Its property cannot be taken without compensation.
It can only be proceeded against by due process of
law, and is protected against unlawful
discrimination. (Bache & Co. vs. Ruiz, L-32409, Feb.
27, 1971; 37 SCRA, p.823.)
A corporation is not
entitled to moral damages; exception—
A corporation is not entitled to moral damages
because an artificial person cannot experience
physical sufferings, mental anguish, fright, serious
anxiety, wounded feelings, moral shock or social
humiliation, but a corporation may be awarded moral
damages for “besmirched reputation” because a
corporation may enjoy a good reputation (goodwill)
which can be besmirched. (See Mambukto Lumber Co.
vs. PNB, L-22973, January 30, 1968.)
Advantages of a
corporation—
The following are the advantages of the corporate
form of doing business:
(1) The limited
liability of the shareholders for the debts of the
business.
(2) The free and
ready transferability of ownership by sale and
transfer of stock certificates representing such
ownership.
(3) The perpetual (actually the power of succession)
existence of the entity unaffected by’ the personal
vicissitudes of the individual shareholders.
(4) The fact
that the corporation is a legal entity affords the
important conveniences of being able to acquire,
hold and convey property, to contract, to sue and be
sued and generally to act as a single distinct unit
under its own name.
(5) As a
consequence of the aforementioned factors and by
reason of the flexibility allowed in the choice of
securities the corporation is ideally suited to
serve as a medium for the gathering for a common
project of the separate funds of many investors. (Rohrlich,
Organizing Corporate and other Business Enterprise8,
pp. 158-160.)
Disadvantages of forming a
corporation—
The following are the disadvantages of
forming a corporation to do business:
(1) The limited
liability of the stockholders serves to limit the
credit available to the corporation to that
justified by its own assets without resort to those
of the stockholders.
(2) The
transferability of stock eliminates the delectus
personae (where one cannot be a member or investor
without the consent of the others) and thus permits
otherwise incompatible elements becoming united in
one venture.
(3) The
subservience of minority stockholders to the wishes
of the majority, subject only to such equitable
restraints as may be applied to protect against
fraud or as derived from the view that “corporate
powers are powers in trust.”
(4) The fact
that in large corporations, stockholders’ voting
rights have become largely theoretical because of
widespread ownership, disinterest in management,
inertia and inaccessible meeting places.
(5) Separation
of management and control from ownership.
(6) By virtue of
its statutory character, the corporation is limited
in the transaction of its business to the state of
its incorporation, unless it qualifies in other
states as a “foreign corporation.”
(7) Corporations
are subject to governmental restrictions and
controls and report requirements beyond other forms
of doing business. (Rohrlich, pp. 160-163.)
(8) Existence of
double taxation with. respect to profits realized by
the corporation and distributed as dividends to
existing stockholders.
Sec. 3. Classes of corporations.—Corporations formed
or organized under this Code may be stock or
non-stock corporations.

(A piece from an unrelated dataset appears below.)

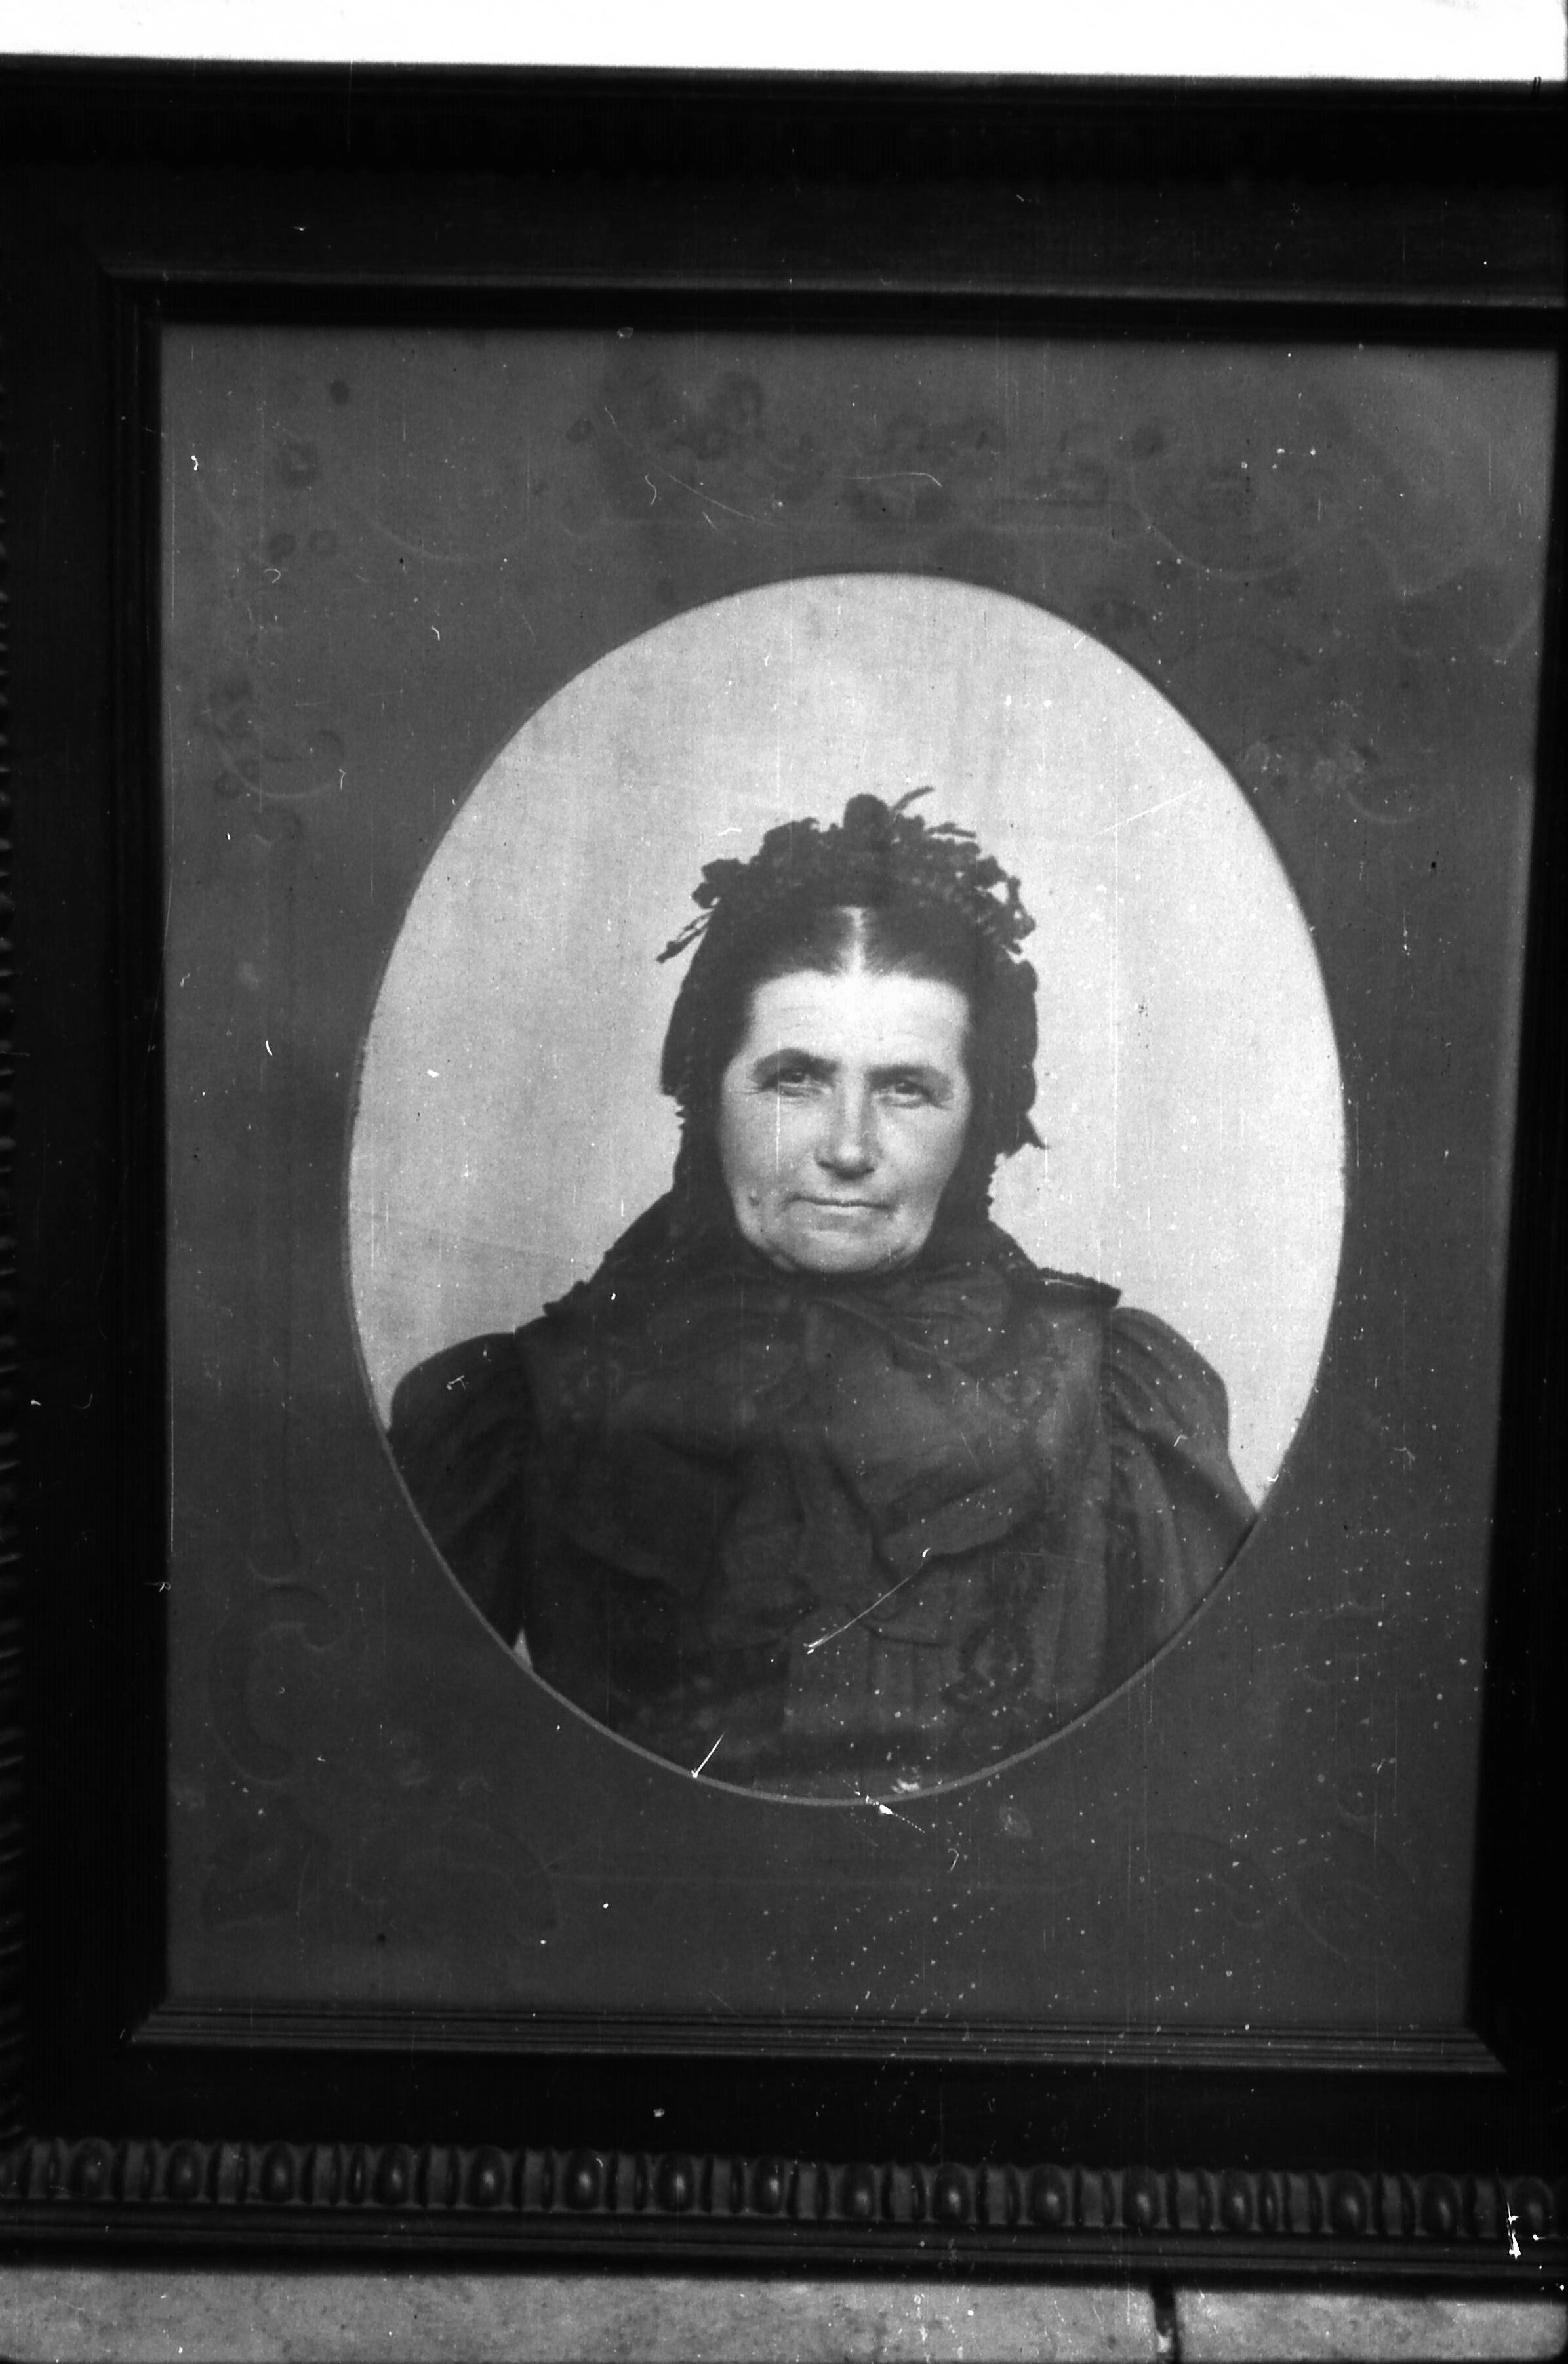 Református asszony főkötőben, 1880-as években készült fénykép, Mészáros Sándorné. (MTA BTK Néprajztudományi Intézet CC BY-NC-SA)
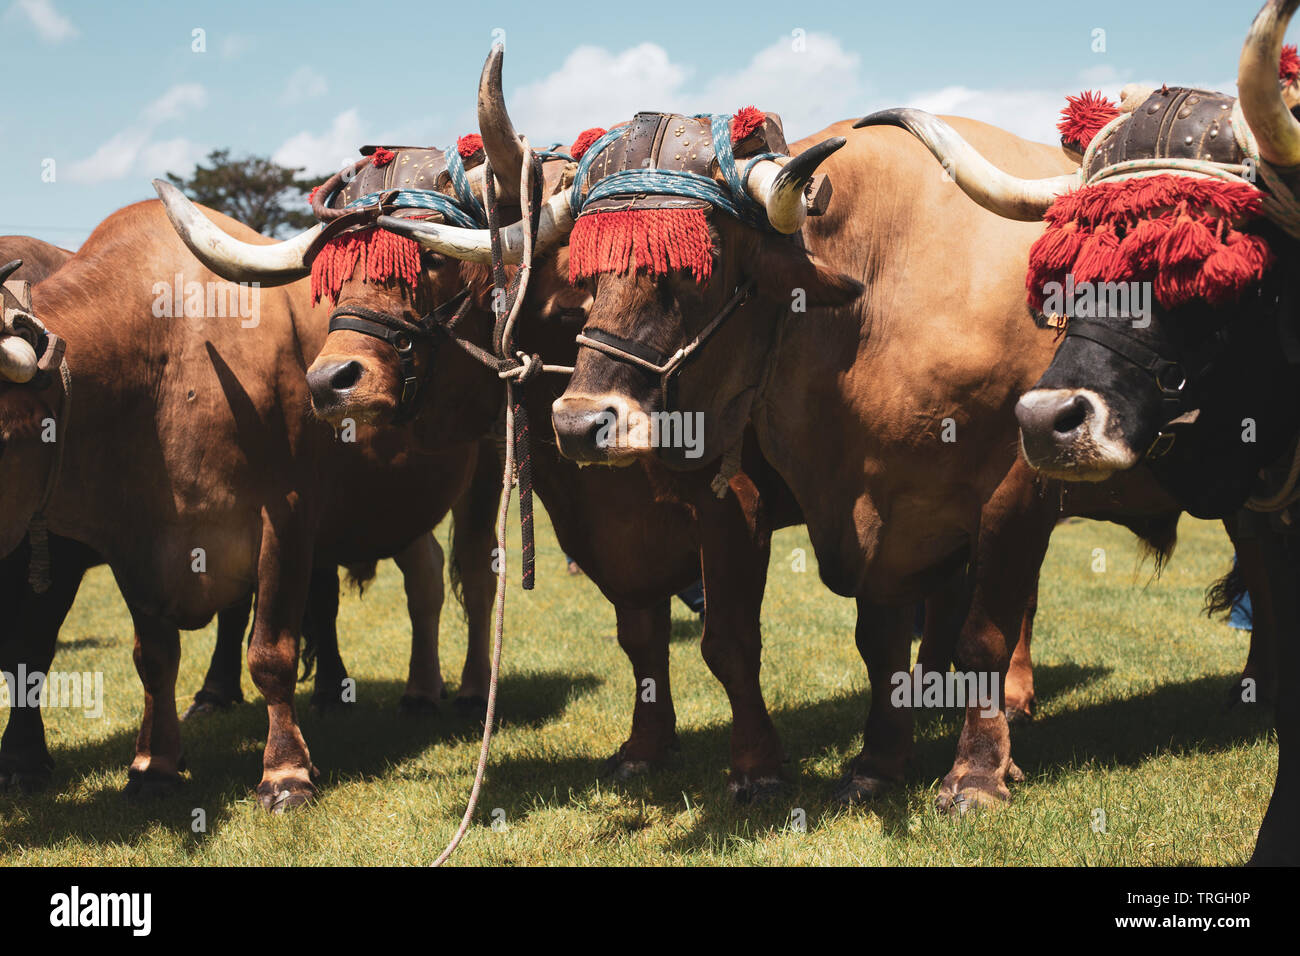 Portrait of oxen Stock Photo

Corporations which have
capital stock divided into shares and are authorized
to distribute to the holders of such shares
dividends or allotments of the surplus profits on
the basis of the shares held are stock corporations.
All other corporations are non-stock corporations.
(3a)
Private corporations may be
stock or non-stock—
In the old Corporation Law, corporations were
classified into public and private. But then, the
Corporation Code applies only to private
corporations and therefore, in general private
corporations are classified into:
(a) Stock
corporations, which are corporations which have
capital stock divided into shares and which are
authorized to distribute to holders of shares
dividends (or allotments of surplus profits) based
on shares held.
(b)
Non-stock corporations, which are corporations other
than stock corporations, that is, they are
corporations without shares or stocks and therefore
not authorized to distribute dividends.